## Dataset section
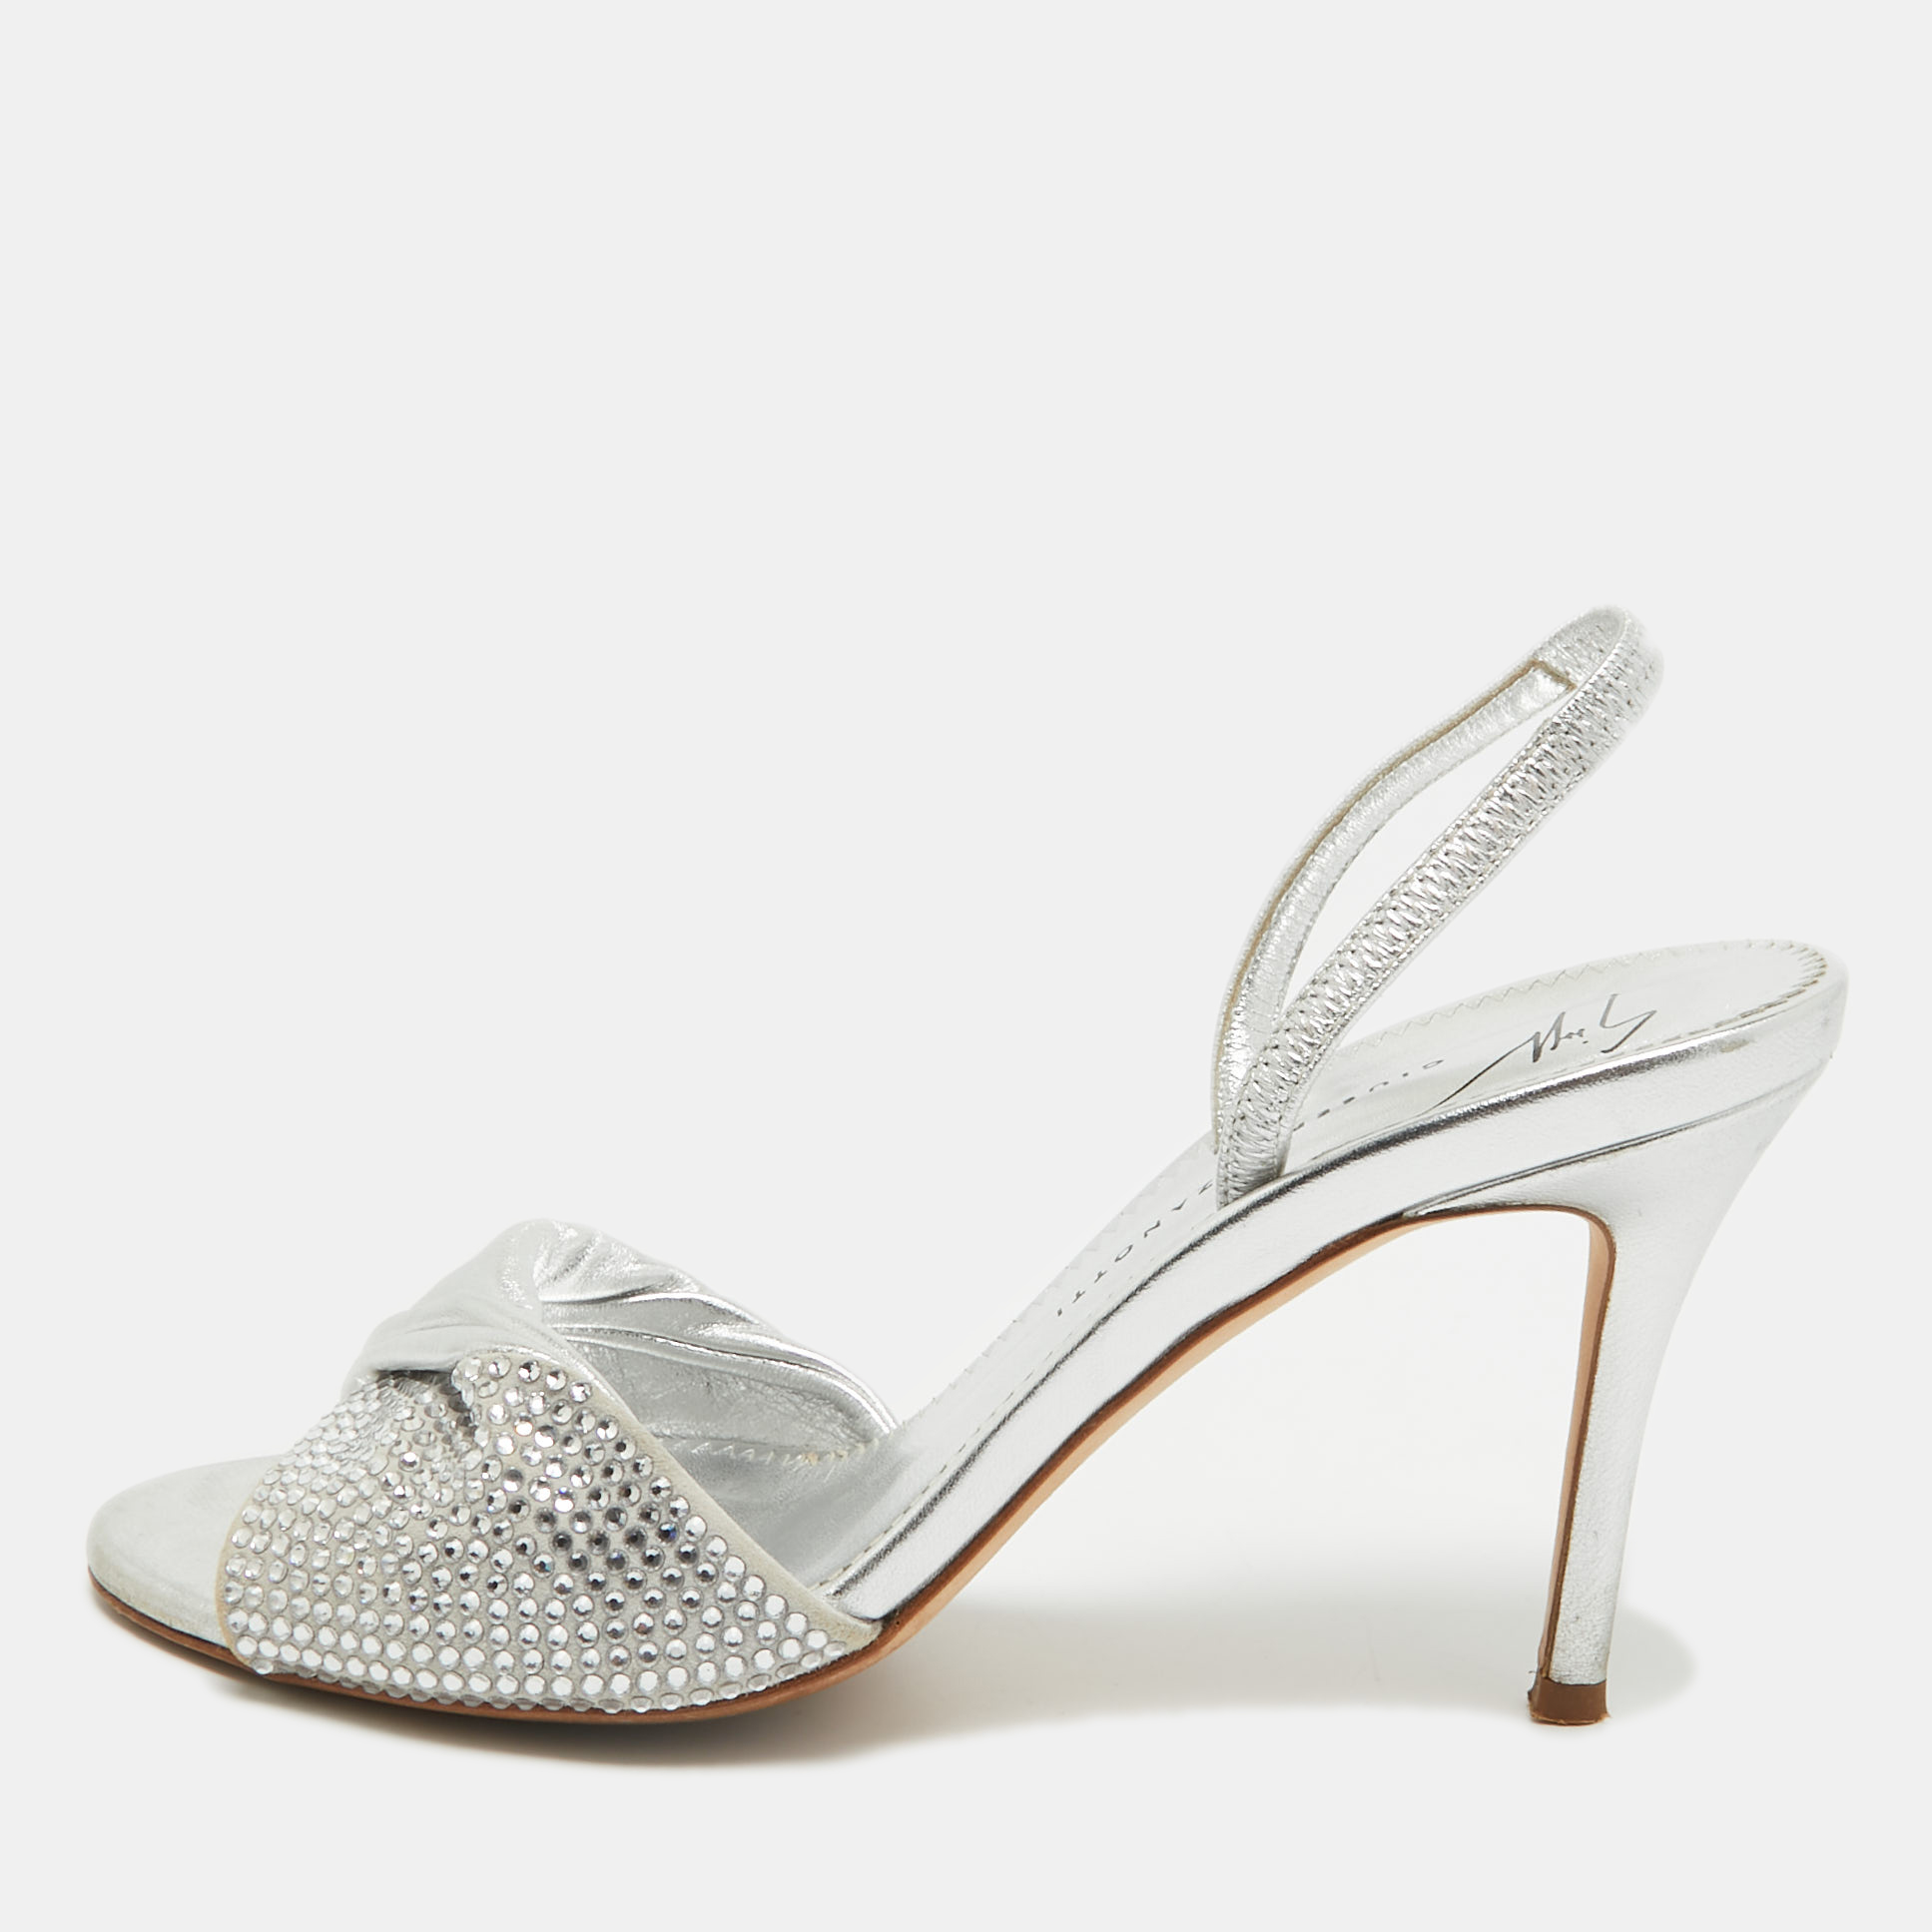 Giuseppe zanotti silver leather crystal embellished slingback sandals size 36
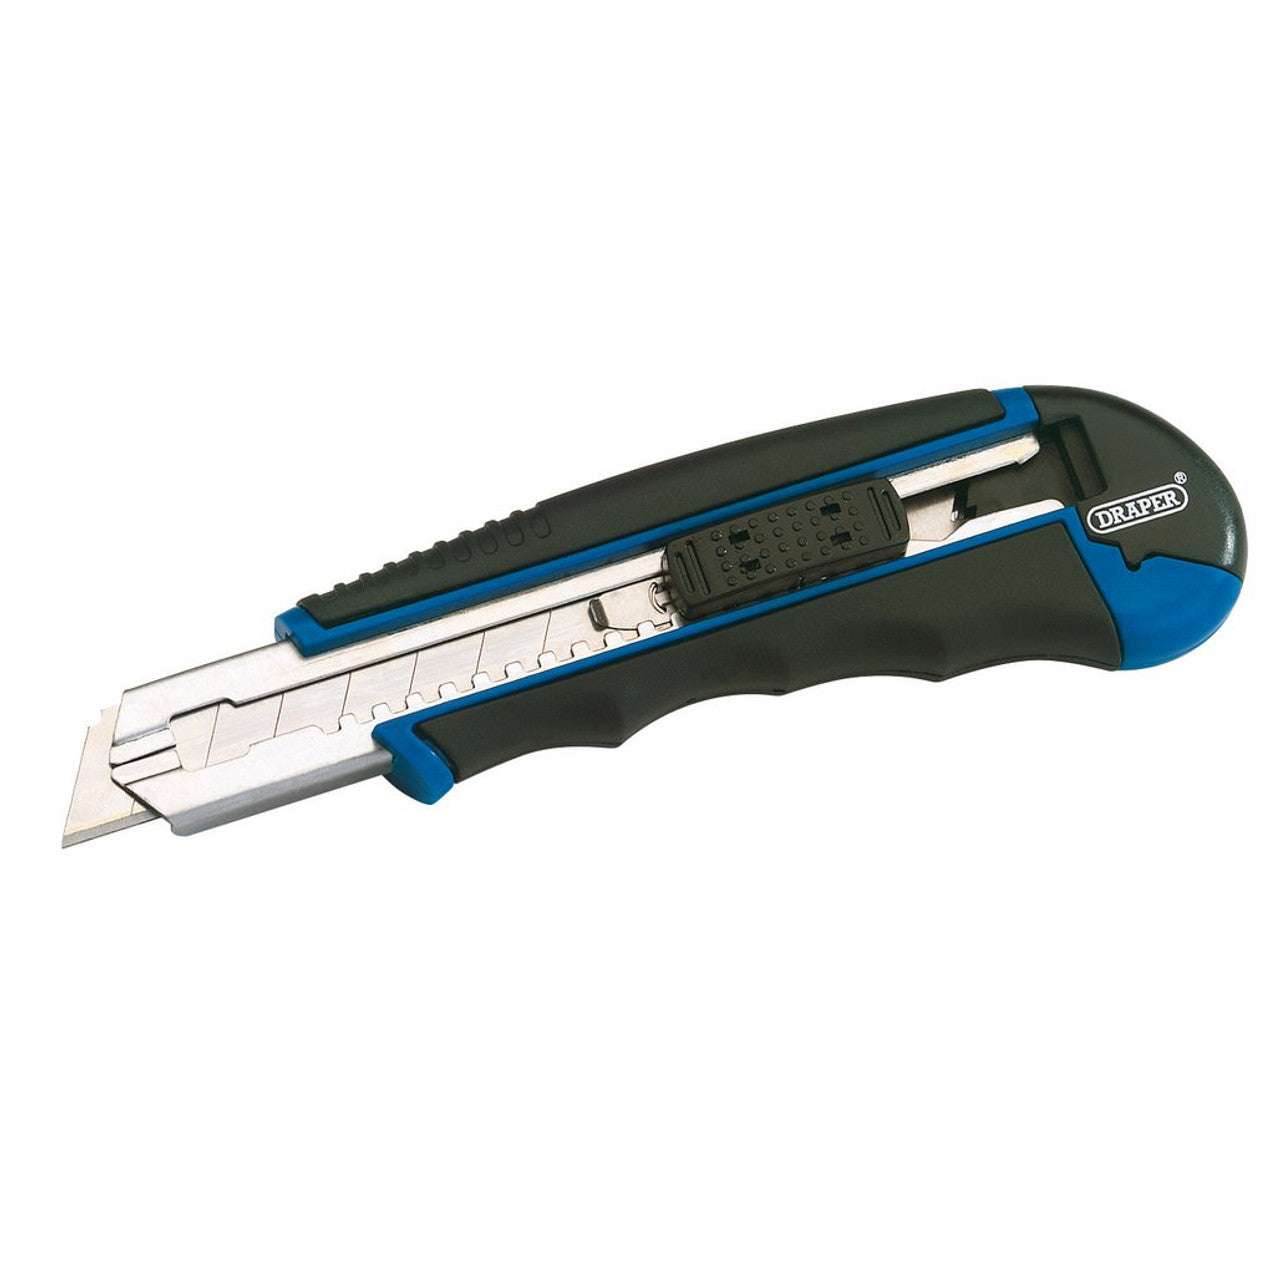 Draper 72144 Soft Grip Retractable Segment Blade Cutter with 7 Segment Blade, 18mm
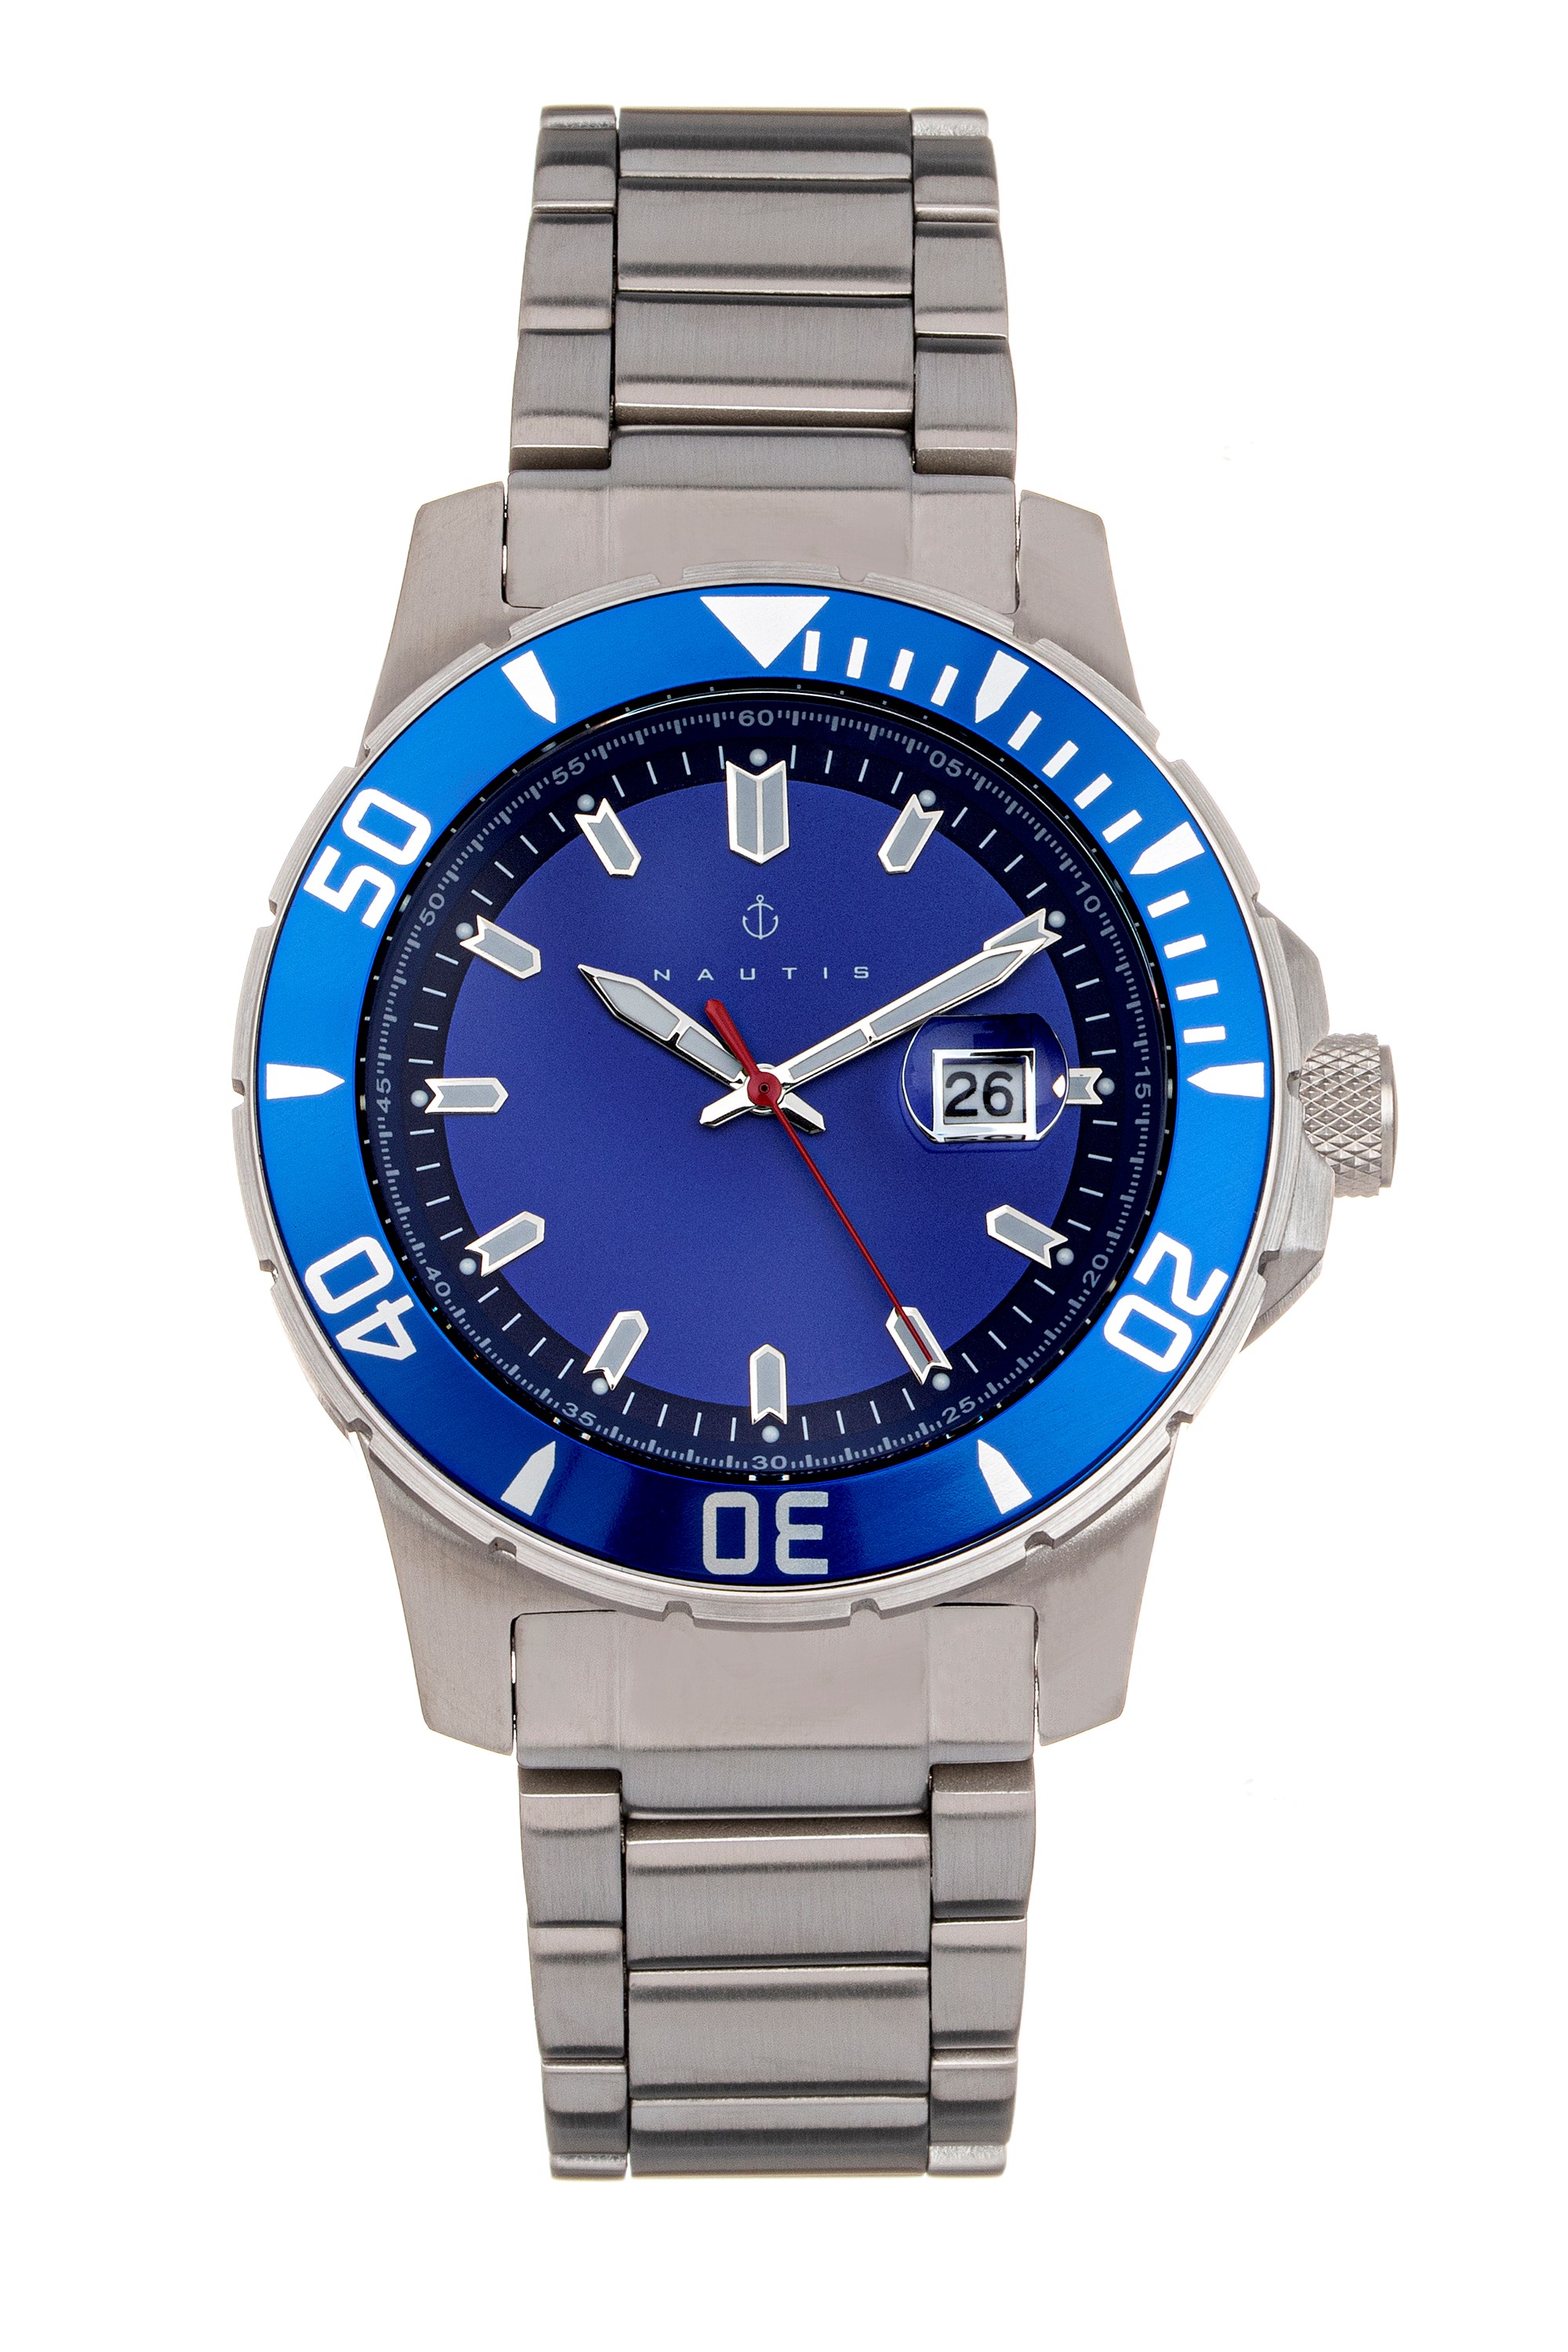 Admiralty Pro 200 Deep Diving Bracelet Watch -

## What you are asked to do
Only the lines from the one with "Draper 72144 Soft" to the last line of the listing, inclusive, are to be set down, exactly as they stand and without pictures.

## Solution below
 Draper 72144 Soft Grip Retractable Segment Blade Cutter with 7 Segment Blade, 18mm
 Admiralty Pro 200 Deep Diving Bracelet Watch -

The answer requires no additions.